▶ _EXERCISE BRIEF_
Please output exactly the lines from the one that holds "Aston Martin DB10" through the final line of the data, and nothing else; leave out any pictures.

▶ _DATASET EXCERPTS_
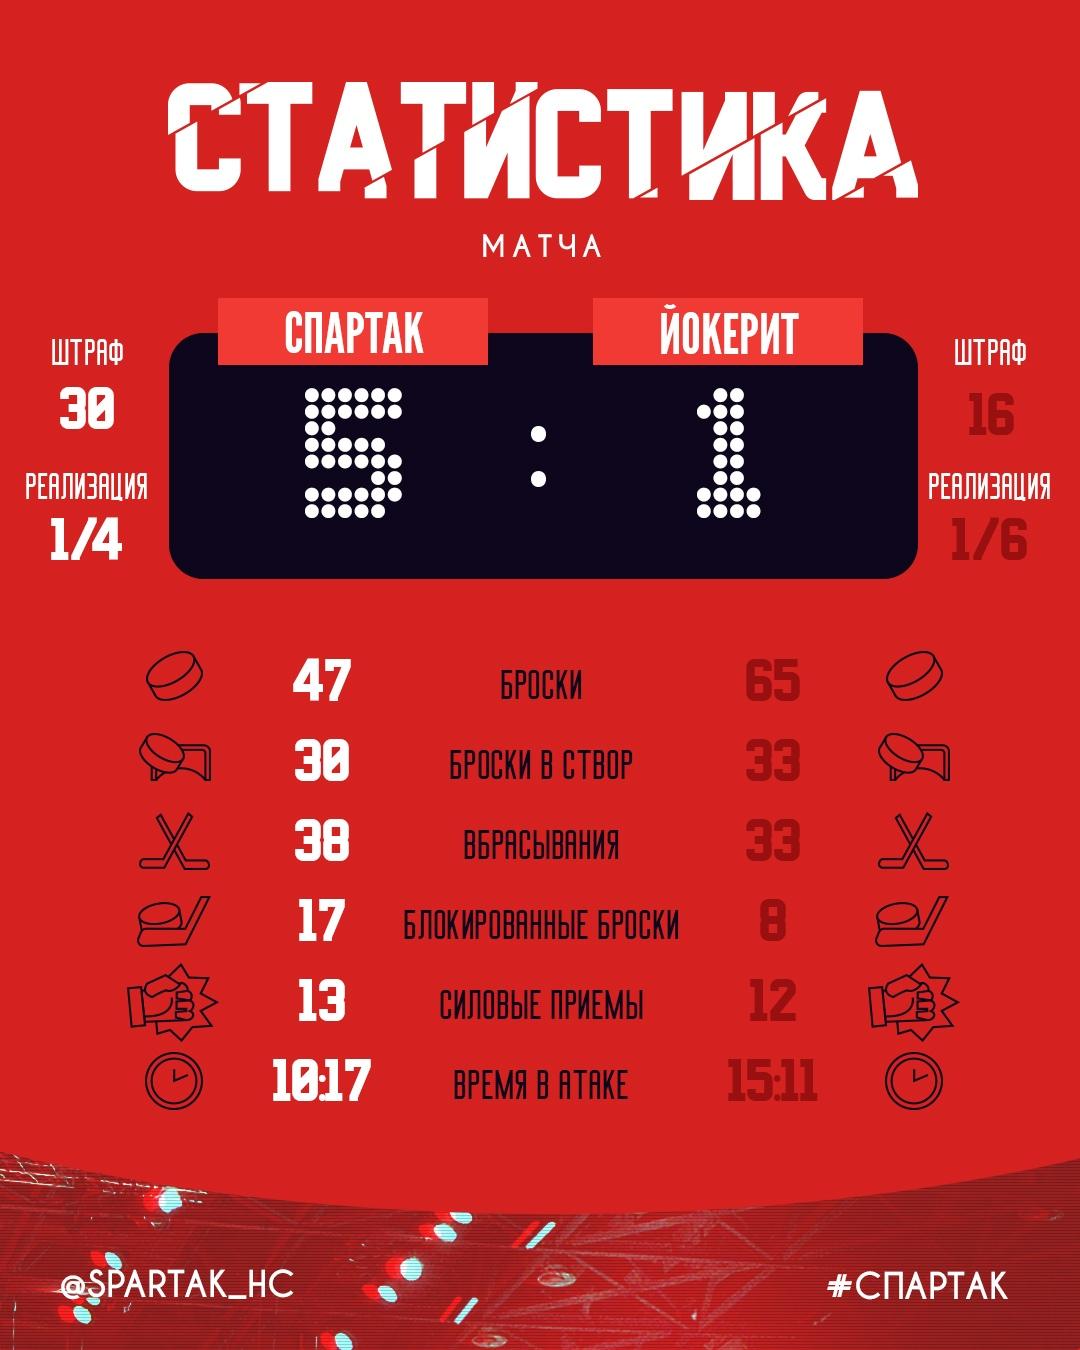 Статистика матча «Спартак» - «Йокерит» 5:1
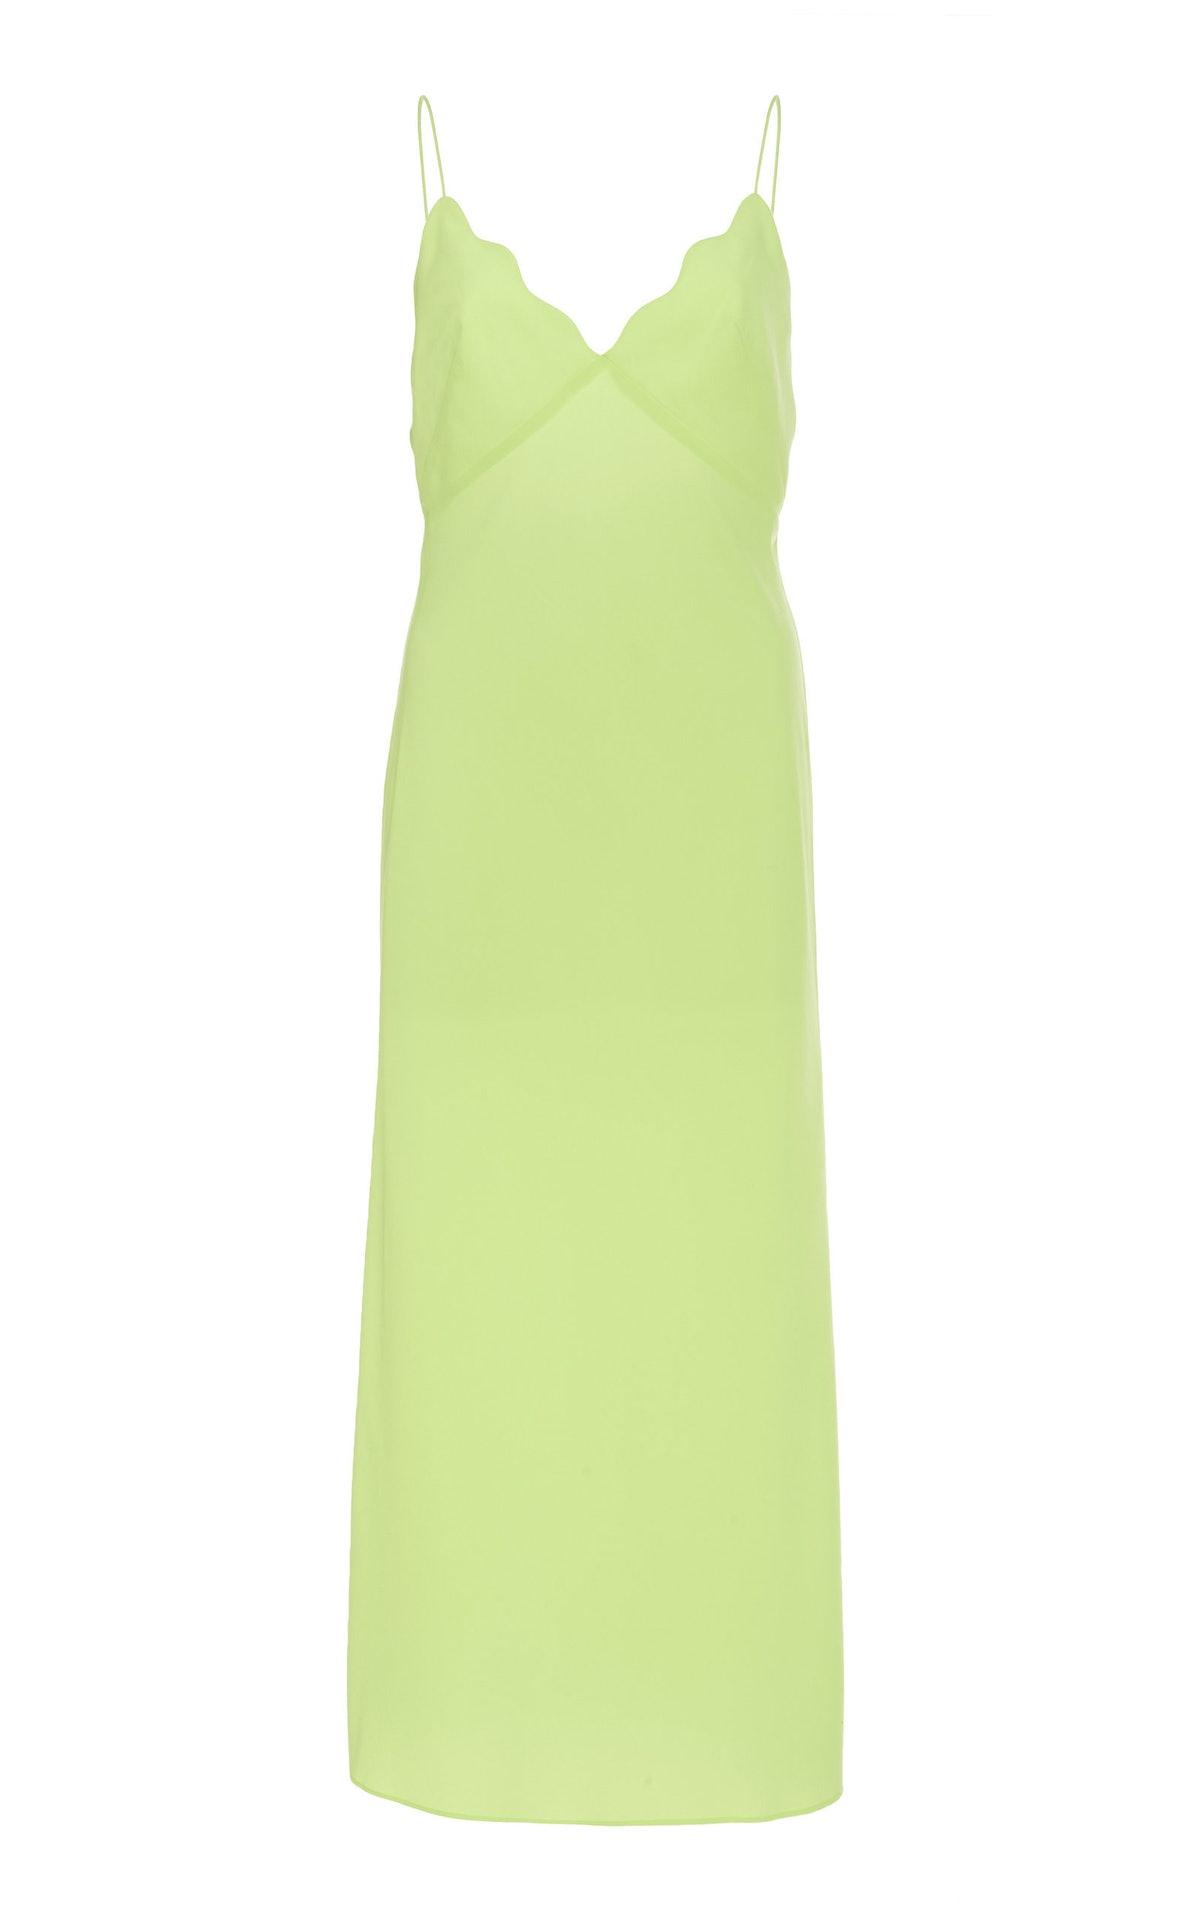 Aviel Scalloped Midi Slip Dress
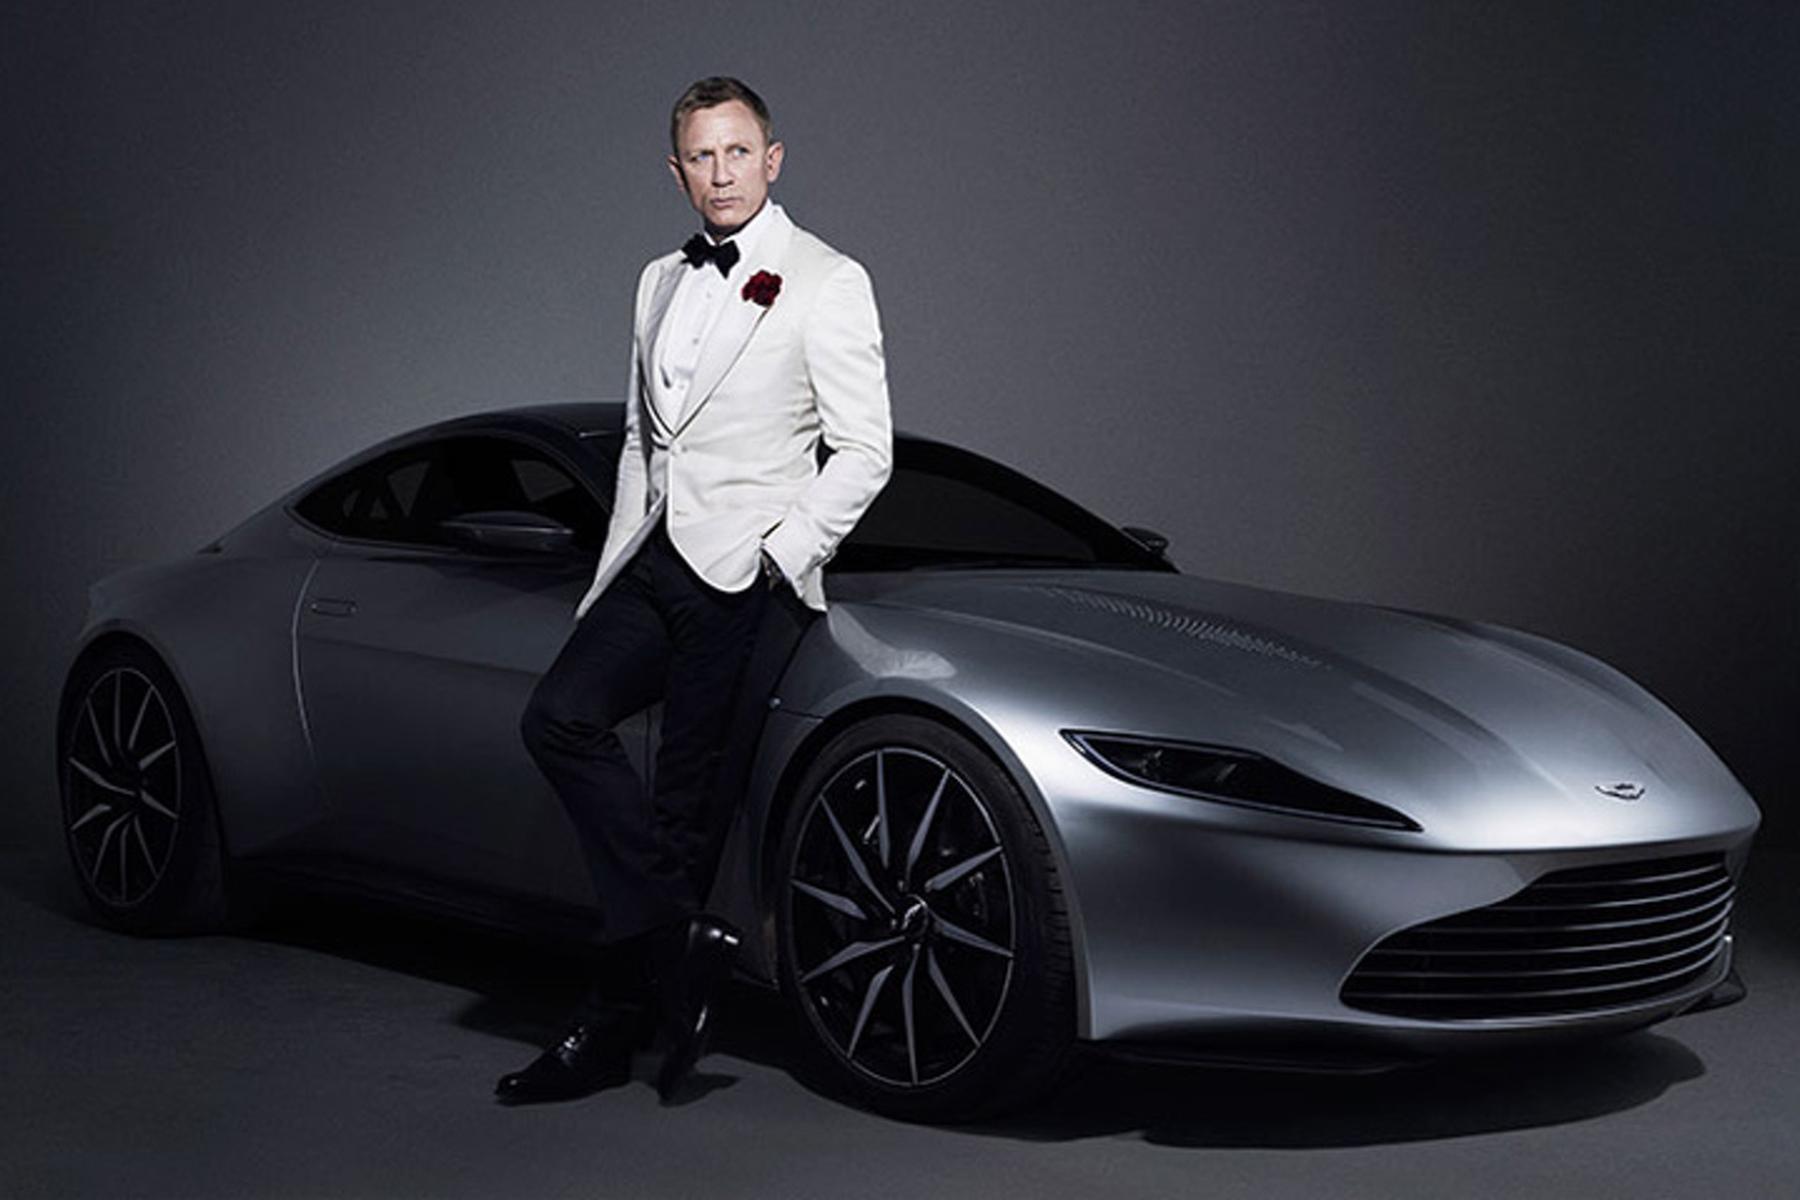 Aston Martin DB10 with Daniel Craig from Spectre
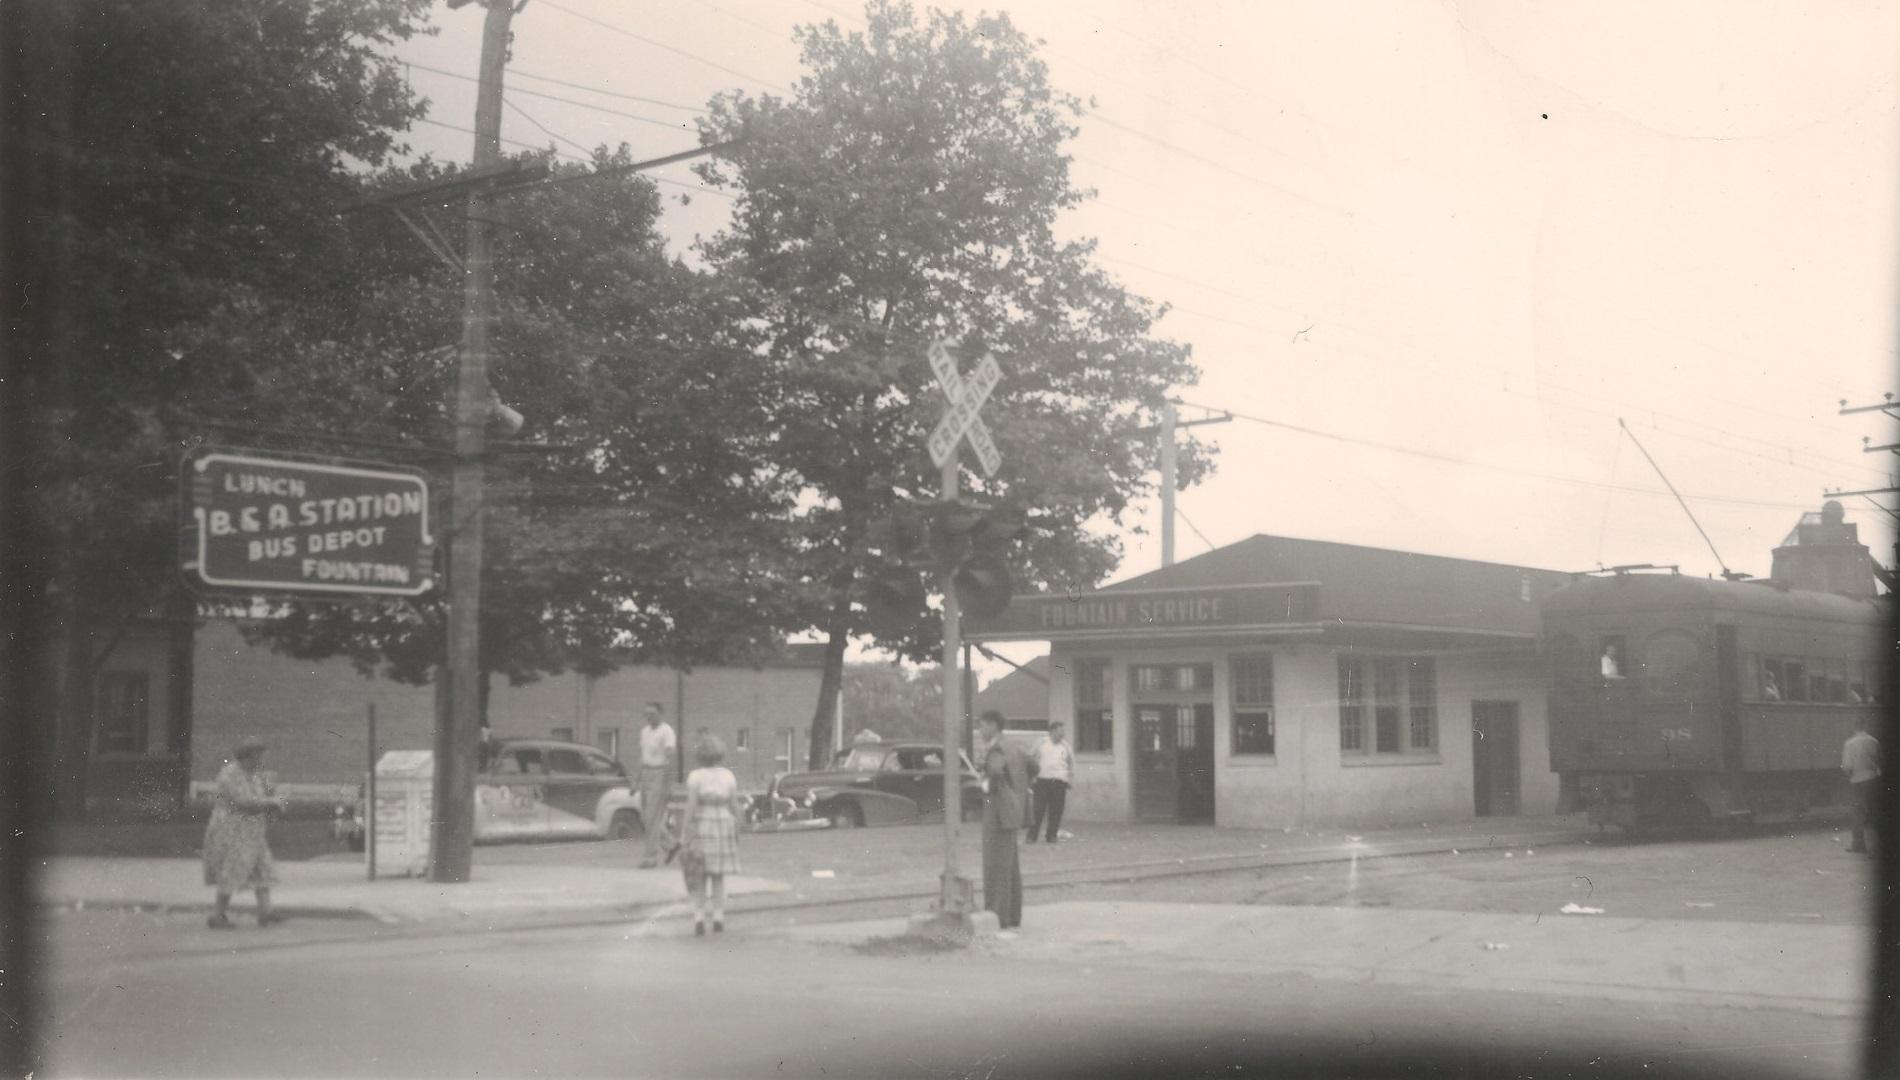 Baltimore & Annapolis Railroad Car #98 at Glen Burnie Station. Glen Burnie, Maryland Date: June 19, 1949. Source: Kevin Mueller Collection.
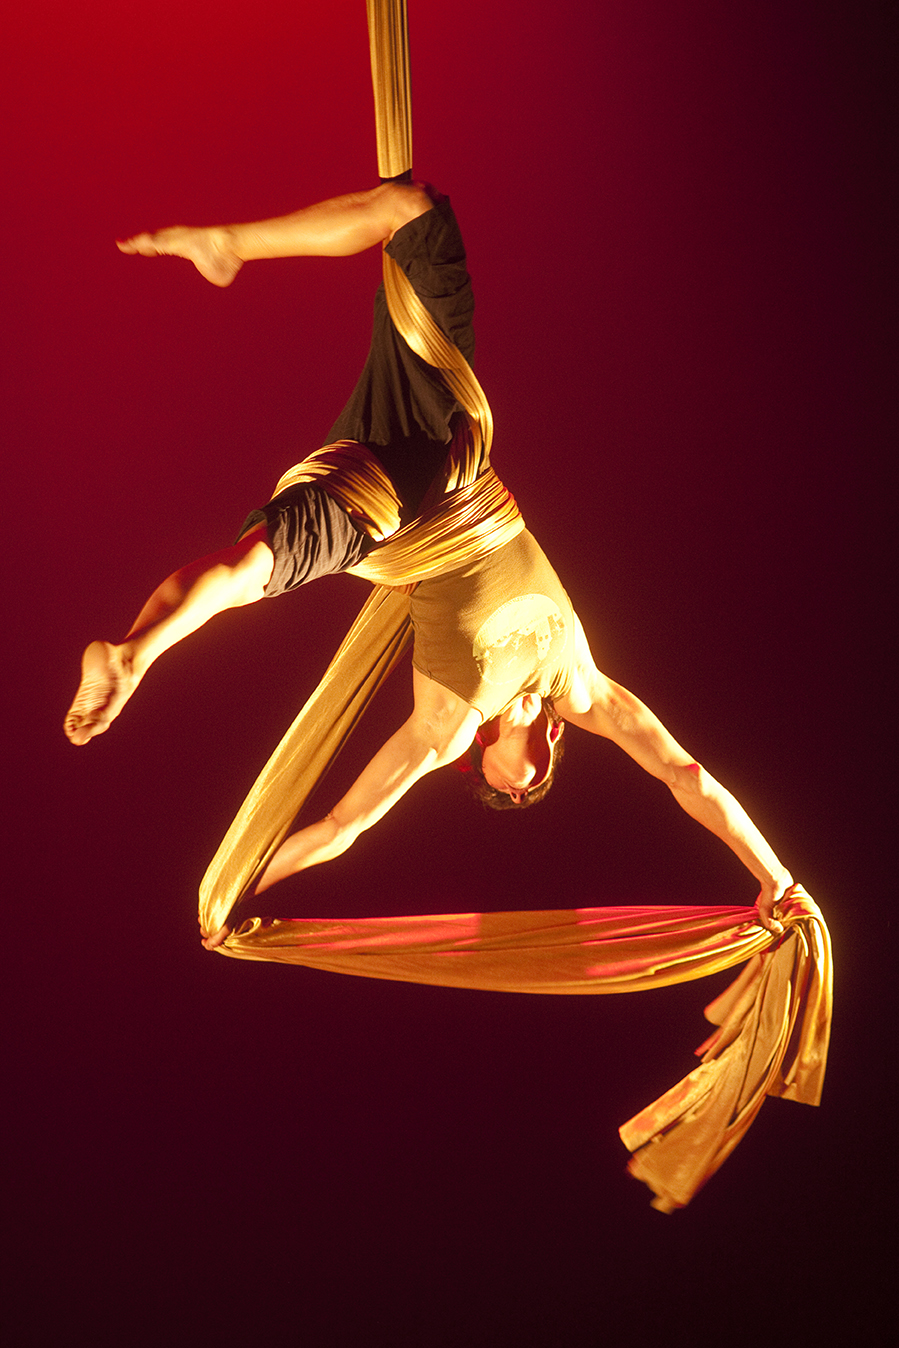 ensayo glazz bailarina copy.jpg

▶ _THE ANSWER_
 Aston Martin DB10 with Daniel Craig from Spectre
 Baltimore & Annapolis Railroad Car #98 at Glen Burnie Station. Glen Burnie, Maryland Date: June 19, 1949. Source: Kevin Mueller Collection.
 ensayo glazz bailarina copy.jpg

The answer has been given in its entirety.